▸ **DATA PROVIDED**
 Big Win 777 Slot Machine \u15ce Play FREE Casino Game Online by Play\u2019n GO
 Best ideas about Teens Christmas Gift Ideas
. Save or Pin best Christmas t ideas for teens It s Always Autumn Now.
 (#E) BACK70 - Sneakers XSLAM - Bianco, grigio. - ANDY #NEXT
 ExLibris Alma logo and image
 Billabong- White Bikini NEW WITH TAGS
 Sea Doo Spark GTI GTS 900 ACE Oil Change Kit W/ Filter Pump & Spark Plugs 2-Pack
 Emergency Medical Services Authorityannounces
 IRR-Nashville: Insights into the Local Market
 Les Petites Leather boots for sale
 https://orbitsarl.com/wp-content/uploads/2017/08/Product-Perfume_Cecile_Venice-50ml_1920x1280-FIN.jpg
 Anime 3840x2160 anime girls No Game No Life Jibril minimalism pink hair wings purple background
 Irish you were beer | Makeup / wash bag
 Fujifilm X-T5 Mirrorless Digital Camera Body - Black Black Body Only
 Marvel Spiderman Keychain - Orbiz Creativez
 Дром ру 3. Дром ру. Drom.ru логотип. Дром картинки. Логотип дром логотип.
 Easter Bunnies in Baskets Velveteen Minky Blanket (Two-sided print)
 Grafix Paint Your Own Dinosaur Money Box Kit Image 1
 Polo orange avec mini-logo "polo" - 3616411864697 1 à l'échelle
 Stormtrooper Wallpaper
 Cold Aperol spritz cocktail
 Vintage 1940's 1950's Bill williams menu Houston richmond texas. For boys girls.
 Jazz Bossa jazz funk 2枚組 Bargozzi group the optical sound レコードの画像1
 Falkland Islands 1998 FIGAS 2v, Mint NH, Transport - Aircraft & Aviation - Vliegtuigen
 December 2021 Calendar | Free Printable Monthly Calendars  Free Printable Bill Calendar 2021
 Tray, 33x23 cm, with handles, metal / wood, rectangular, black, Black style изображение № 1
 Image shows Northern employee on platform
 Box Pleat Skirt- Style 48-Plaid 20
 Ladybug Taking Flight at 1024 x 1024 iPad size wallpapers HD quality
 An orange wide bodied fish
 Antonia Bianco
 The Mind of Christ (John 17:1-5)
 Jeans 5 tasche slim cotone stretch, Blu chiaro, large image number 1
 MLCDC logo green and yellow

▸ **TASK STATEMENT**
Please return all of the records exactly.

▸ **TASK RESULT**
 Big Win 777 Slot Machine \u15ce Play FREE Casino Game Online by Play\u2019n GO
 Best ideas about Teens Christmas Gift Ideas
. Save or Pin best Christmas t ideas for teens It s Always Autumn Now.
 (#E) BACK70 - Sneakers XSLAM - Bianco, grigio. - ANDY #NEXT
 ExLibris Alma logo and image
 Billabong- White Bikini NEW WITH TAGS
 Sea Doo Spark GTI GTS 900 ACE Oil Change Kit W/ Filter Pump & Spark Plugs 2-Pack
 Emergency Medical Services Authorityannounces
 IRR-Nashville: Insights into the Local Market
 Les Petites Leather boots for sale
 https://orbitsarl.com/wp-content/uploads/2017/08/Product-Perfume_Cecile_Venice-50ml_1920x1280-FIN.jpg
 Anime 3840x2160 anime girls No Game No Life Jibril minimalism pink hair wings purple background
 Irish you were beer | Makeup / wash bag
 Fujifilm X-T5 Mirrorless Digital Camera Body - Black Black Body Only
 Marvel Spiderman Keychain - Orbiz Creativez
 Дром ру 3. Дром ру. Drom.ru логотип. Дром картинки. Логотип дром логотип.
 Easter Bunnies in Baskets Velveteen Minky Blanket (Two-sided print)
 Grafix Paint Your Own Dinosaur Money Box Kit Image 1
 Polo orange avec mini-logo "polo" - 3616411864697 1 à l'échelle
 Stormtrooper Wallpaper
 Cold Aperol spritz cocktail
 Vintage 1940's 1950's Bill williams menu Houston richmond texas. For boys girls.
 Jazz Bossa jazz funk 2枚組 Bargozzi group the optical sound レコードの画像1
 Falkland Islands 1998 FIGAS 2v, Mint NH, Transport - Aircraft & Aviation - Vliegtuigen
 December 2021 Calendar | Free Printable Monthly Calendars  Free Printable Bill Calendar 2021
 Tray, 33x23 cm, with handles, metal / wood, rectangular, black, Black style изображение № 1
 Image shows Northern employee on platform
 Box Pleat Skirt- Style 48-Plaid 20
 Ladybug Taking Flight at 1024 x 1024 iPad size wallpapers HD quality
 An orange wide bodied fish
 Antonia Bianco
 The Mind of Christ (John 17:1-5)
 Jeans 5 tasche slim cotone stretch, Blu chiaro, large image number 1
 MLCDC logo green and yellow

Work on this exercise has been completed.